UCLA

Bioremediation is a promising technology for low-cost, effective, in-situ clean up of contaminated soil and water environments, and has been successfully applied for treating a variety of metallic and organic pollutants. Current bioremediation research and practice mostly focuses on processes driven by microbial whole cells, which are sensitive to biogeochemical conditions, such as oxygen, pH, temperature, soil permeability, organic content, dissolved ions, and co-contaminants. In addition, microbe based bioremediation generally takes longer to accomplish, because it depends on microbial viability and activity to degrade the contaminants. Using free enzymes instead of microbes is a potential alternative approach, as in-vitro enzyme-catalyzed reactions are not constrained by nutrient requirements for microbial growth, and often have higher biodegradation rates. Moreover, enzymatic bioremediation is considered to be safer because of the elimination of potentially pathogenic microbes. Peroxidases, which compromise a class of non-specific heme enzymes, are attractive candidates due to their ability to oxidize a broad range of contaminants, including phenolic compounds, organic dyes, etc. However, a limitation of applying purified enzymes is their limited stability under various environments. Immobilization of peroxidases on solid surfaces or entrapment in matrices has been previously attempted. Even though immobilization gives higher stability, it limits enzyme-substrate interactions, which decreases the accessibility and efficiency of the enzymes.

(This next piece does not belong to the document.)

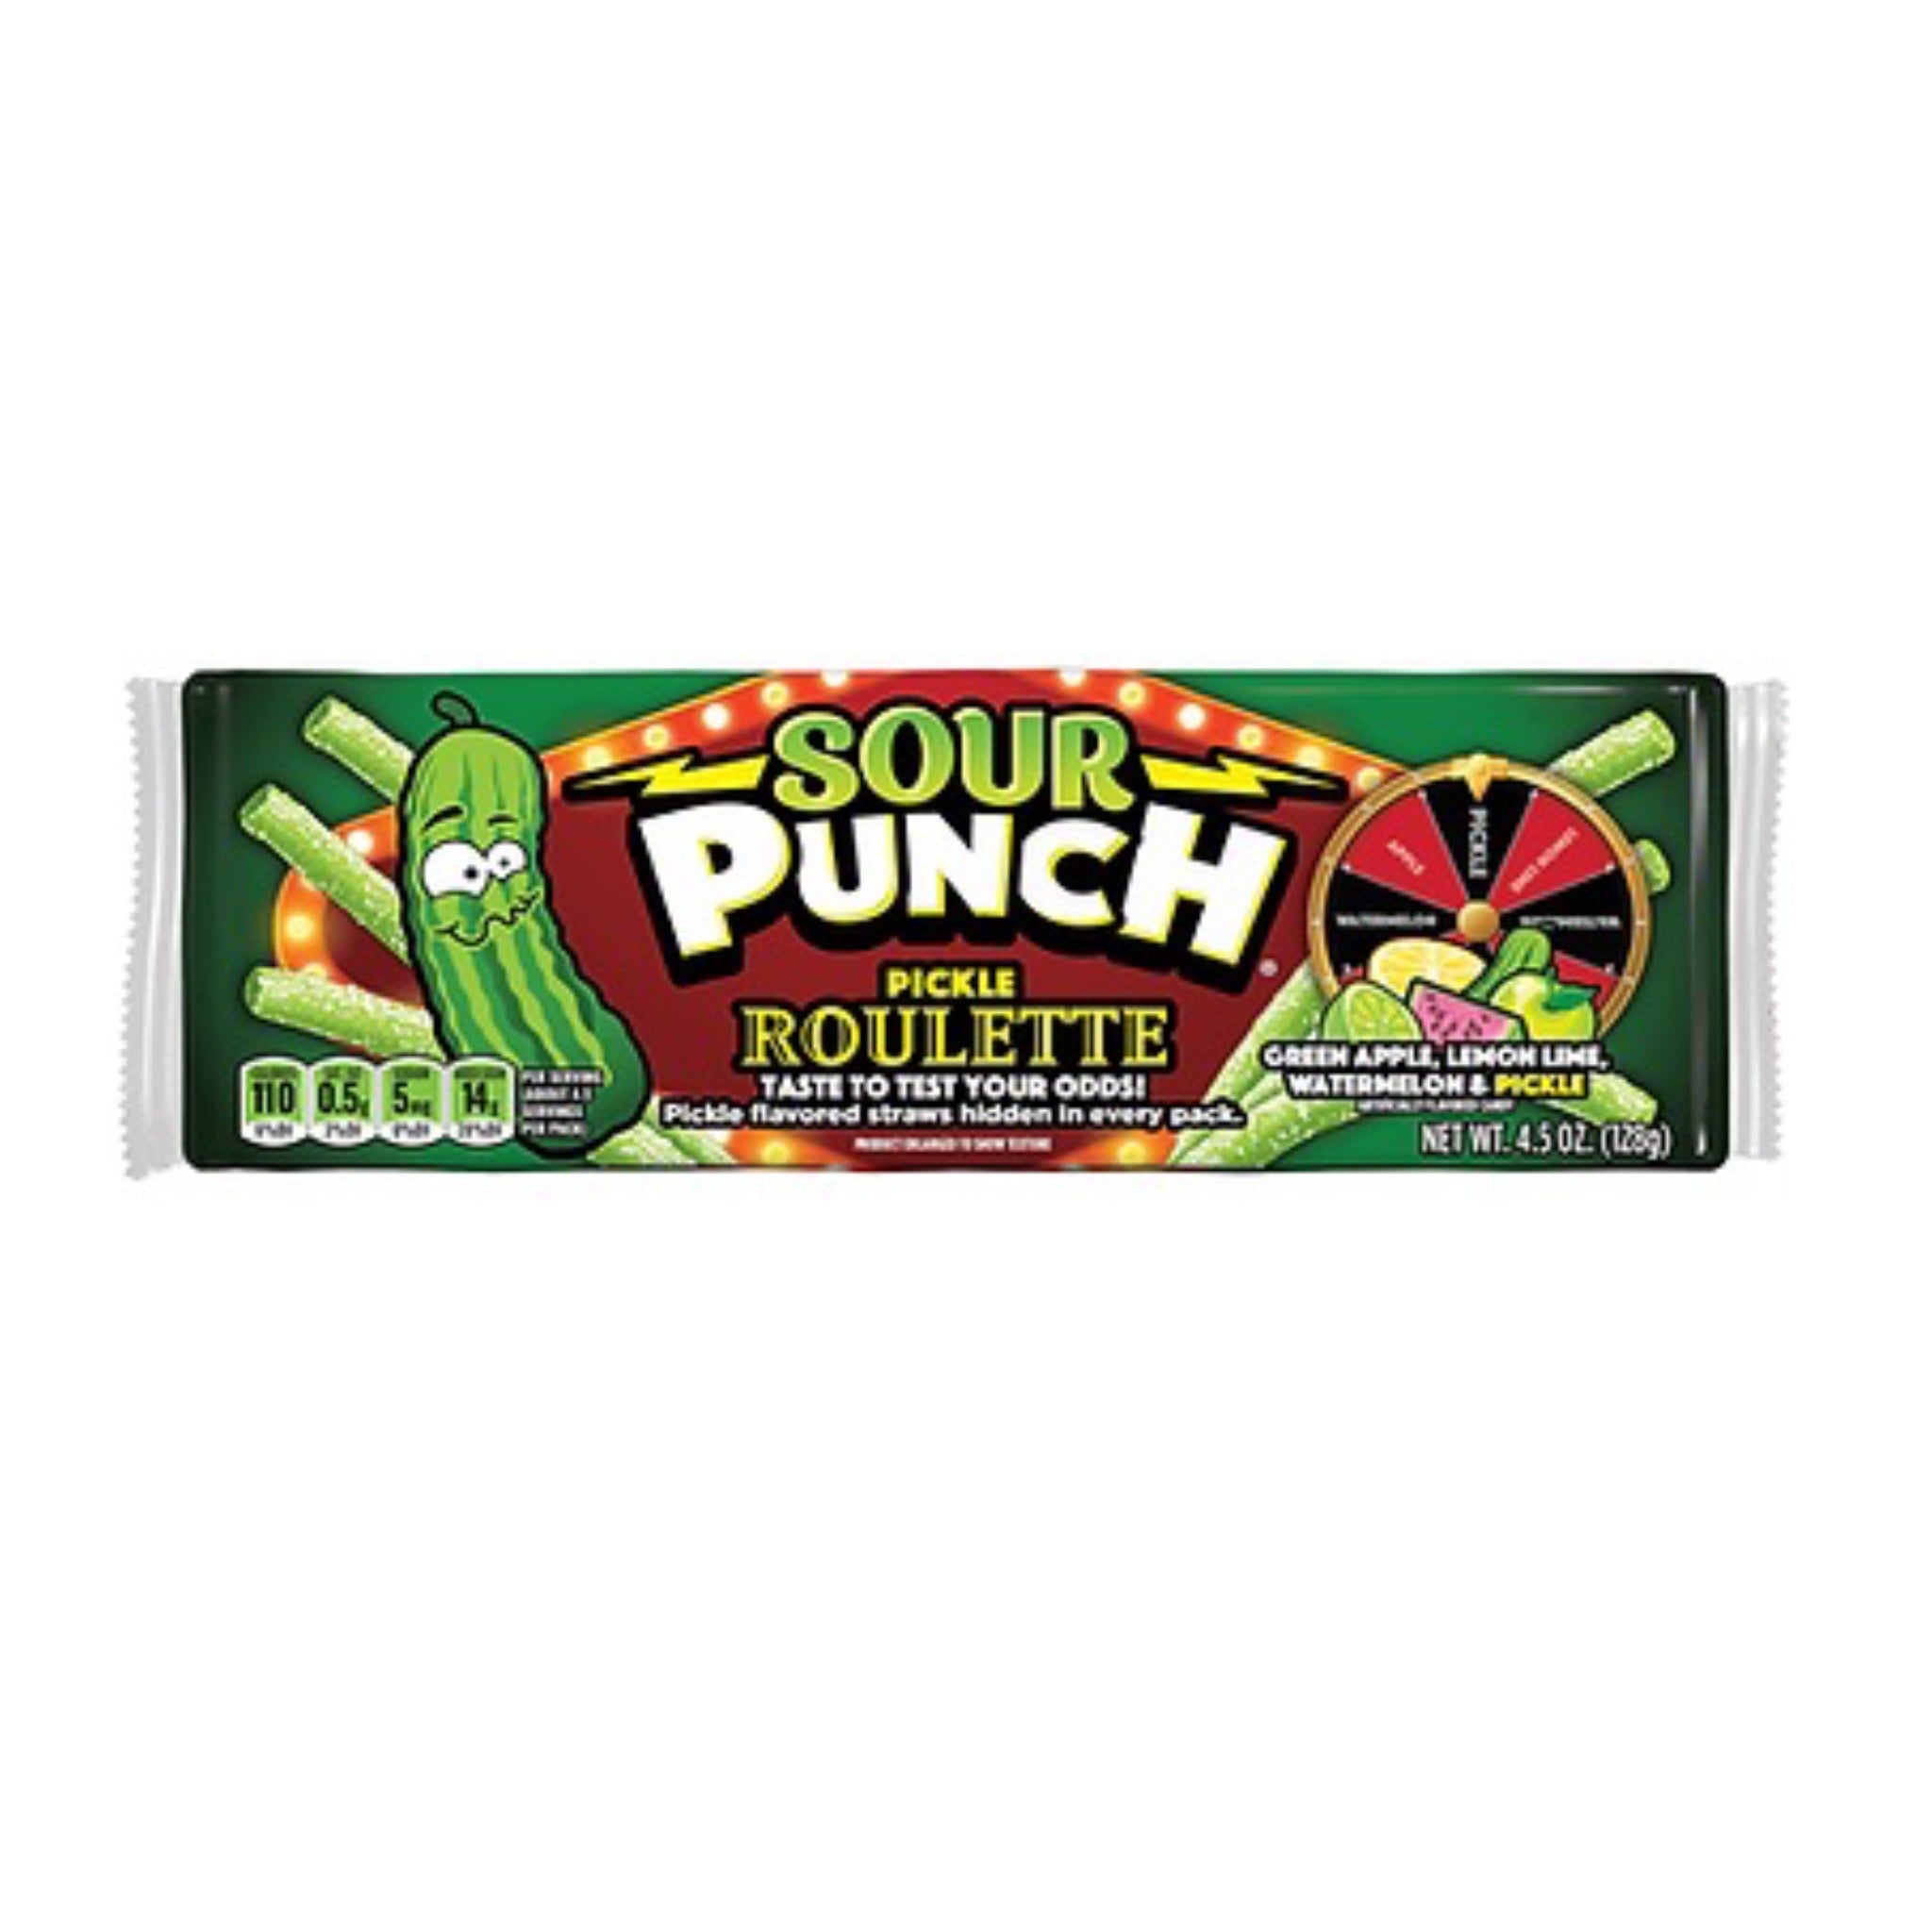 Sour punch pickle roulette

This thesis describes the synthesis of highly stable and active peroxidase nanocapsules using vault nanoparticles, and demonstrates the effectiveness of vaults packaged peroxidases using phenol as a model contaminant. Two peroxidases from the wood degrading fungus Phanerochaete chrysosporium, including lignin peroxidase (LiP) and manganese peroxidase (MnP), were tested in this study. Degradation of phenol by these enzymes has been previously confirmed in whole cells as well as purified enzyme assays. Both LiP and MnP were fused to an INT domain, which strongly interacts with vault nanoparticles and drives the packaging of the enzyme, and heterologously expressed in Sf9 insect cells intracellularly as nsLiP-INT and nsMnP-INT via baculovirus expression systems. Cell lysates containing nsLiP-INT or nsMnP-INT showed 35-45% higher peroxidase activity than the negative control, suggesting INT-fused nsLiP and nsMnP were actively expressed. The nsMnP-INT was successfully packaged into vaults, but the activity of packaged nsMnP-INT was below the assay detection limit. INT-fused MnP was also expressed extracellularly in Sf9 cells as sMnP-INT using its natural signal sequence, and packaged into vaults. Both free sMnP-INT and vaults packaged sMnP-INT showed Mn2+ dependent activity identical to that of MnP produced by P. chrysosporium. Thermal stability of packaged sMnP-INT was compared with that of free sMnP-INT and MnP from P. chrysosporium, and it was found that vaults packaged sMnP-INT was more stable at 20⁰C, 30⁰C, and 40⁰C. Furthermore, P. chrysosporium MnP, free recombinant sMnP-INT, as well as vaults packaged sMnP-INT were able to catalyze the degradation of phenol, indicating that sMnP-INT maintained its catalytic ability while packaged in vaults. This study demonstrated that packaging of peroxidases in vault nanoparticles extends their stability and catalytic ability. These results will contribute to the development of innovative and sustainable vault-based bioremediation approaches for multiple contaminants in wastewater and groundwater.